There are many different entities that use these statistics. Some entities like the database optimizer use these for finding the best possible way to execute the query or even the fastest way to execute them. Optimizers rely on these statistics and they must be gathered and present. Other entities like DBAs use the statistics for Database Administration tasks.  For example, the hardware resource usage statistics are used by DBAs to check if the database is under bottlenecks and adjust them accordingly. 

On the other hand, general statistics captured by the databases are used by database administrators, DB developers, and data analysts for maintenance and performance tracking purposes. General statistics include server information like concurrency, throughput, and even response times. These stats are often used while taking decisions like increasing resources, tuning queries, and tracking performance metrics over time. 

Fetching DB Statistics

When it comes to statistics what is stored and when depends on the database itself. Each database also provides its own set of interfaces through queries or tools to fetch these statistics. In this section, let us look at how we can fetch statistics for various databases.

1. MySQL Database

For the MySQL database, we can use queries to fetch the statistics. 

Global statuses are statistics about the database and the interactions with it. We can use the “ SHOW GLOBAL STATUS” statement to fetch various types of information. For example, if we were to fetch all the connection error statistics, we can use the following command: 

SHOW GLOBAL STATUS LIKE ‘%Connection_errors%’

And the image below shows a sample response: 

Image source: Collect MySQL Statistics

In order to fetch optimizer statistics, we can query the “INFORMATION_SCHEMA.COLLATIONS”  table. An example query to fetch histogram on column statistics: 

SELECT TABLE_NAME, COLUMN_NAME,

          HISTOGRAM->>’$.”data-type”‘ AS ‘data-type’,

         JSON_LENGTH(HISTOGRAM->>’$.”buckets”‘) AS ‘bucket-count’

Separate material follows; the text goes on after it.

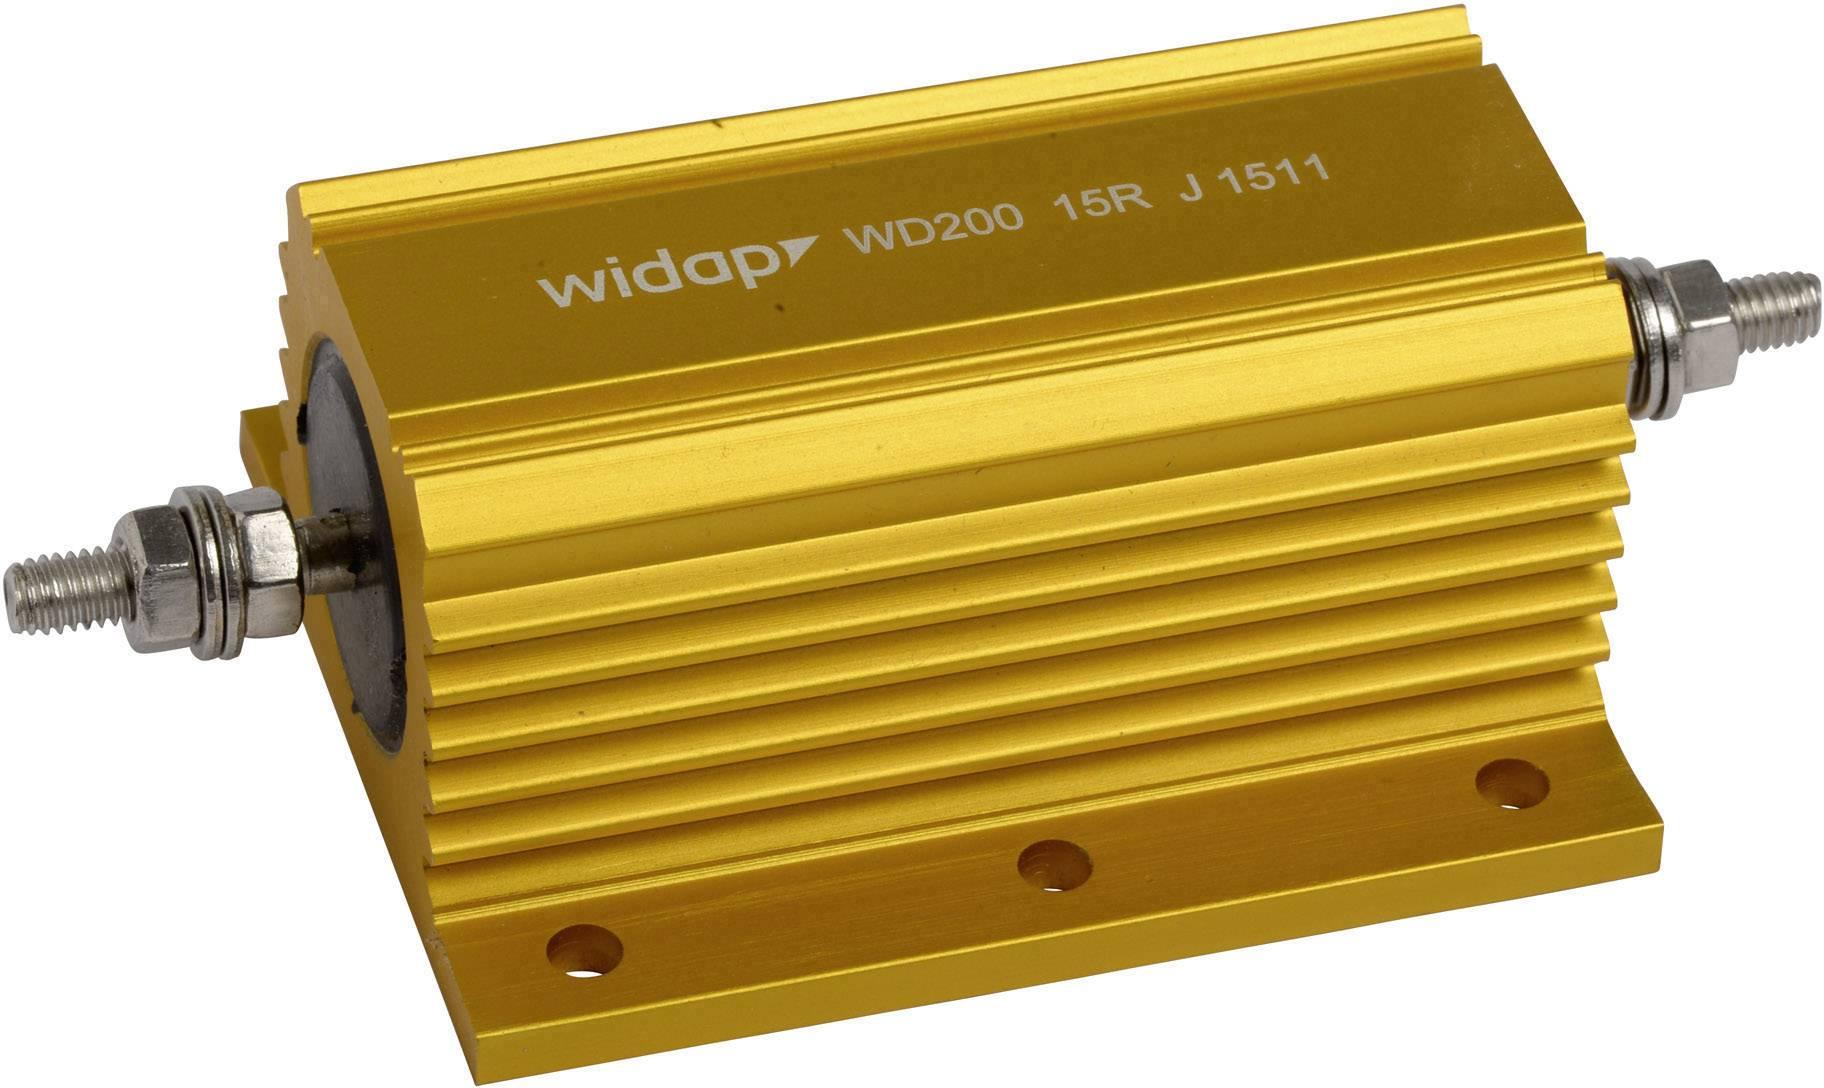 Drátový rezistor Widap 160161, hodnota odporu 470 Ohm, v pouzdře, 200 W, 1 ks

         FROM INFORMATION_SCHEMA.COLUMN_STATISTICS;

Here we use the HISTOGRAM keyword to fetch the data we are looking for. The image below shows a sample output for the query above. 

Image Source: MySQL Reference Manual

2. Oracle Database

The Oracle database provides a package called “dbms_stats” which allows us to fetch and view the various stats it gathers. 

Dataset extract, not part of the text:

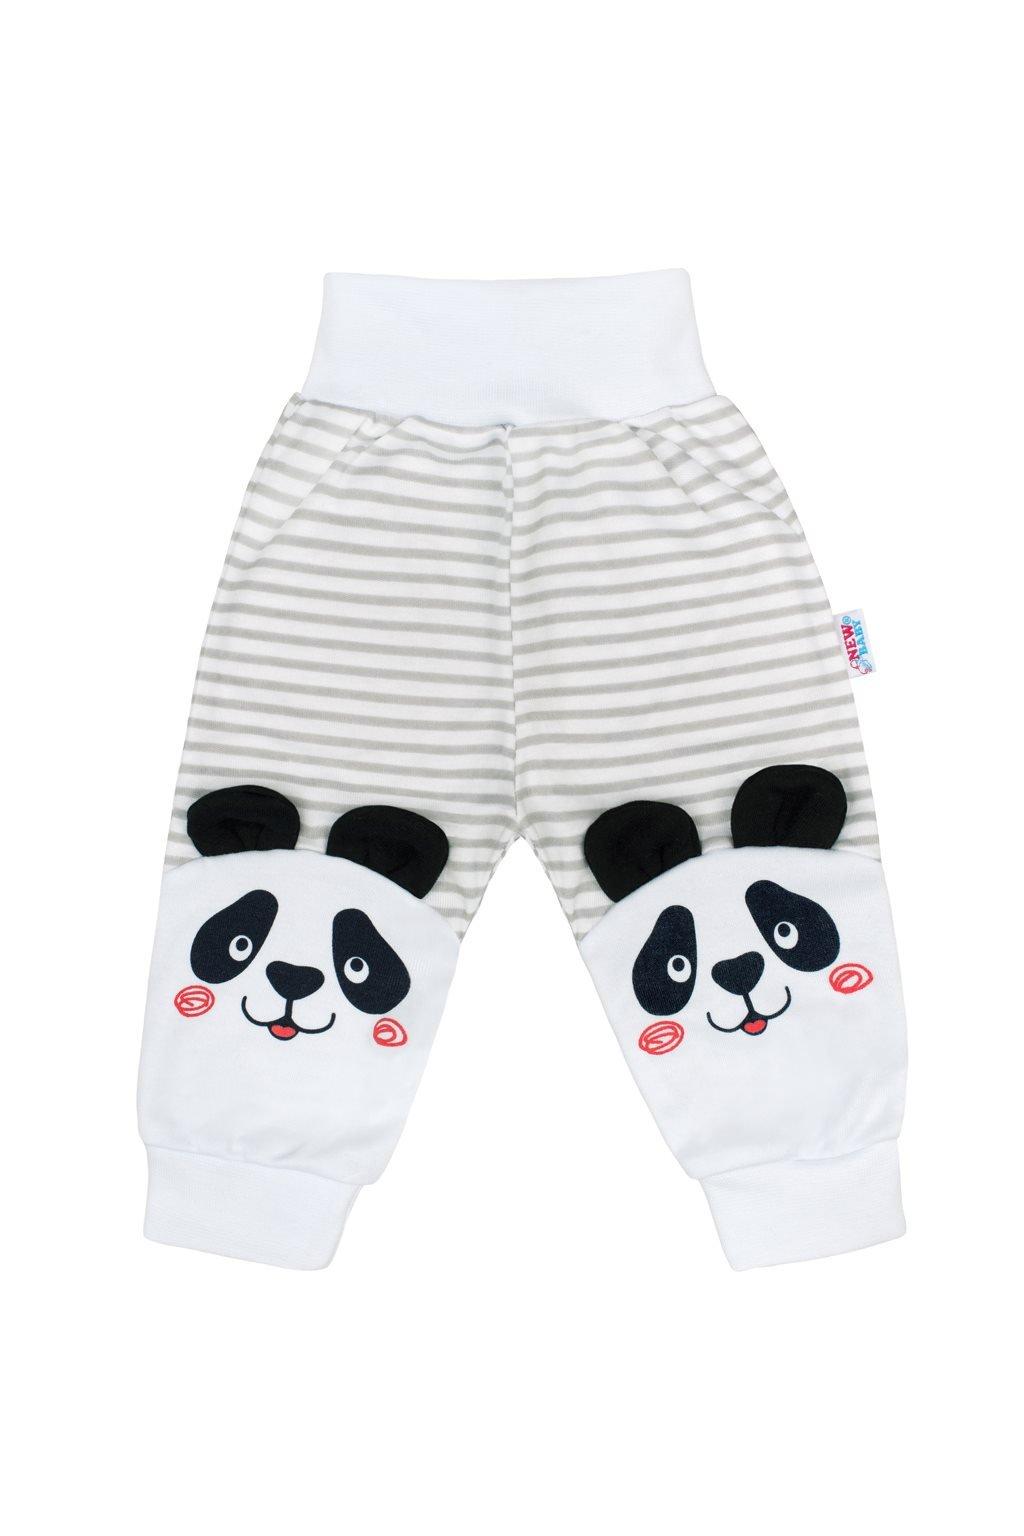 Dojčenské tepláčky New Baby Panda

We can write simple procedures to gather the stats we need. For example, here is a simple procedure to fetch all stats from a table:

BEGIN

dbms_stats.gather_table_stats(‘SH’,”TREASURY’);

END;

For the Oracle database, you start and stop the gathering workloads using appropriate procedures. Here’s an example on that: 

dbms_stats.gather_system_stats(‘start’) 

dbms_stats.gather_system_stats(‘stop’)

Image Source: Oracle Blogs

The image above shows a query being executed after a procedure to start gathering data has been executed. 

Conclusion

Databases collect many different types of statistics from the time they are set up. From information about tables, the columns, values in each column, to even hardware usage on which the database server is running are captured. While some data is used regularly by the databases like the index  statistics by the query optimizer, other types of collected data are used by DBAs during database performance tuning operations. 

Some databases like MySQL provide in-built tools where you can directly query for DB or index statistics while databases like Oracle DB required packages to do the same. Overall these statistics are very vital to monitor database performance and are also used as diagnostic tools when things go wrong.